On Tuesday, researchers at The University of Toronto’s Citizen Lab published a report alleging the Kenyan government used Cellebrite’s tools to unlock the phone of Boniface Mwangi, a local activist and politician, while he was in police custody. In another report from January, the Citizen Lab accused the Jordanian government of breaking into the phones of several local activists and protesters using Cellebrite’s tools.

In both investigations, the Citizen Lab, an organization that has investigated abuses of spyware and hacking technologies around the world, based their conclusions on finding traces of a specific application linked to Cellebrite on the victims’ phones.

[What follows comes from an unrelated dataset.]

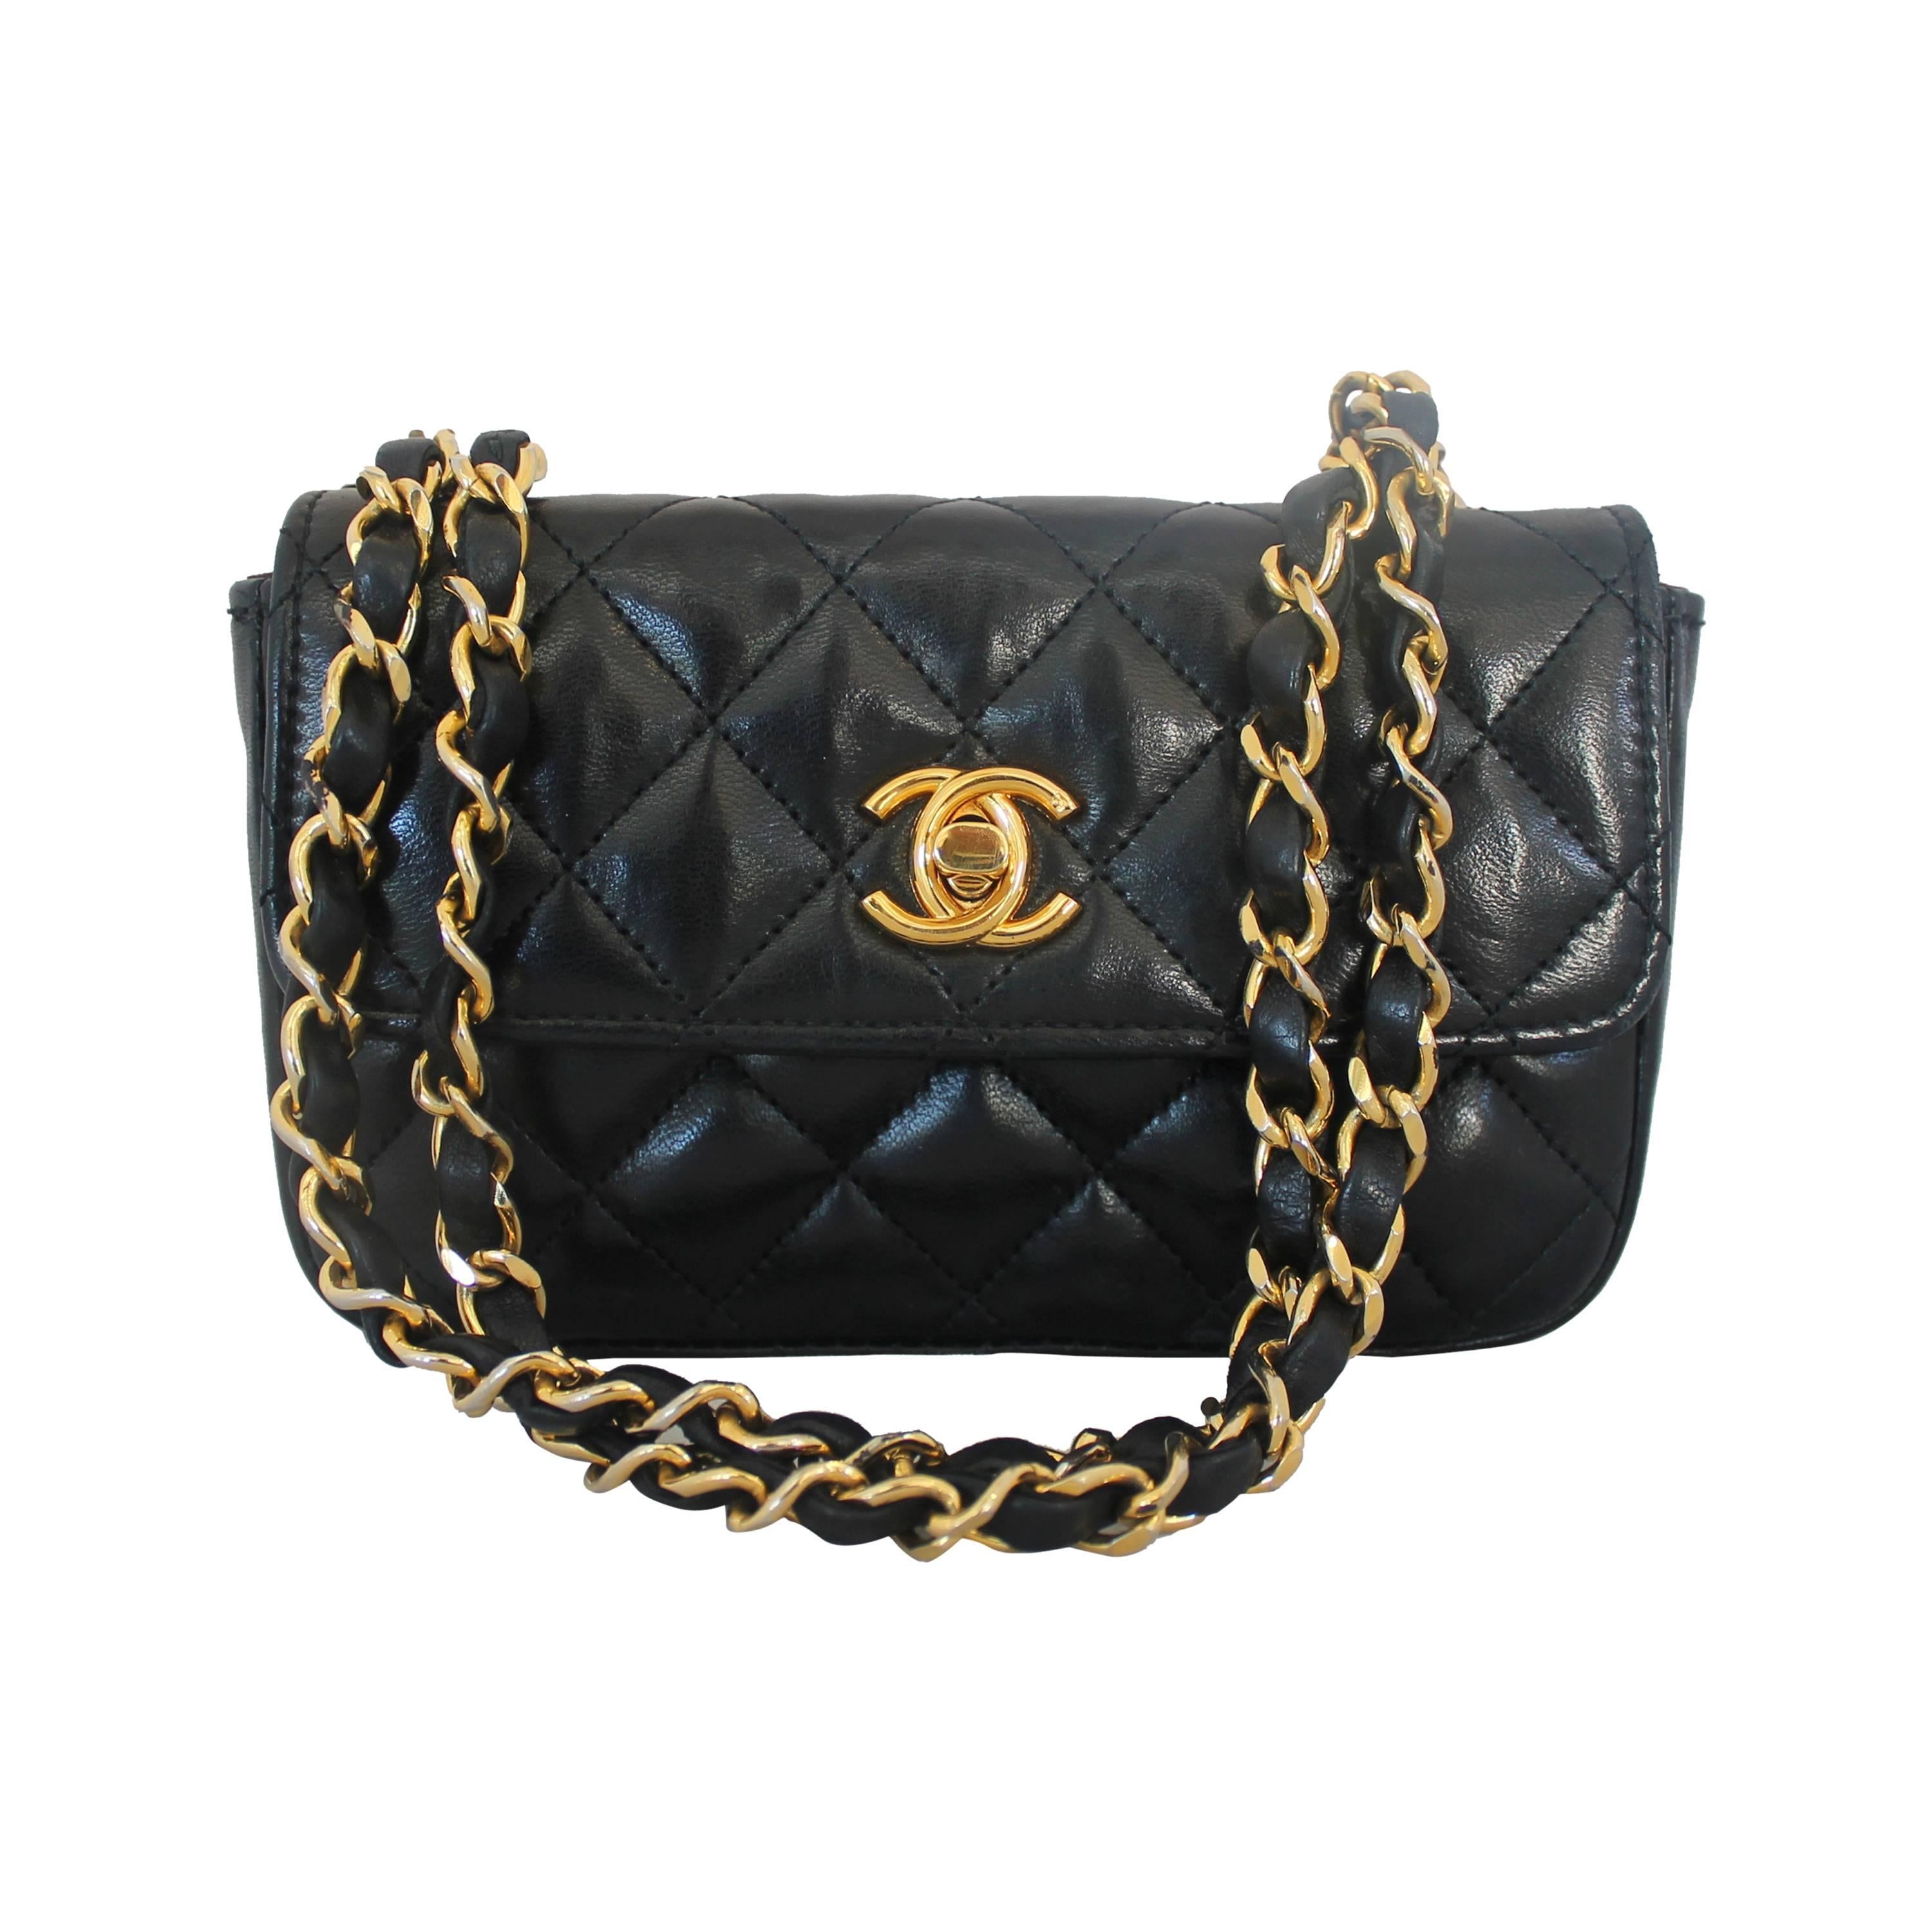 Chanel 1986 Vintage Black Quilted Lambskin Mini "Classic" Handbag - GHW

The researchers said that those traces are a “high confidence” signal that someone used Cellebrite’s unlocking tools on the phones in question, because the same application had been previously found on VirusTotal, a malware repository, and was signed with digital certificates owned by Cellebrite.

Other researchers have also linked the same application to Cellebrite.

“We do not respond to speculation and encourage any organization with specific, evidence-based concerns to share them with us directly so we can act on them,” Victor Cooper, a spokesperson for Cellebrite, told TechCrunch in an email.

When asked why Cellebrite is acting differently from the Serbia case, Cooper said “the two situations are incomparable,” and that, “high confidence is not direct evidence.”

Cooper did not respond to multiple follow-up emails asking if Cellebrite would investigate the Citizen Lab’s latest report, and what, if any, differences there are with its case in Serbia.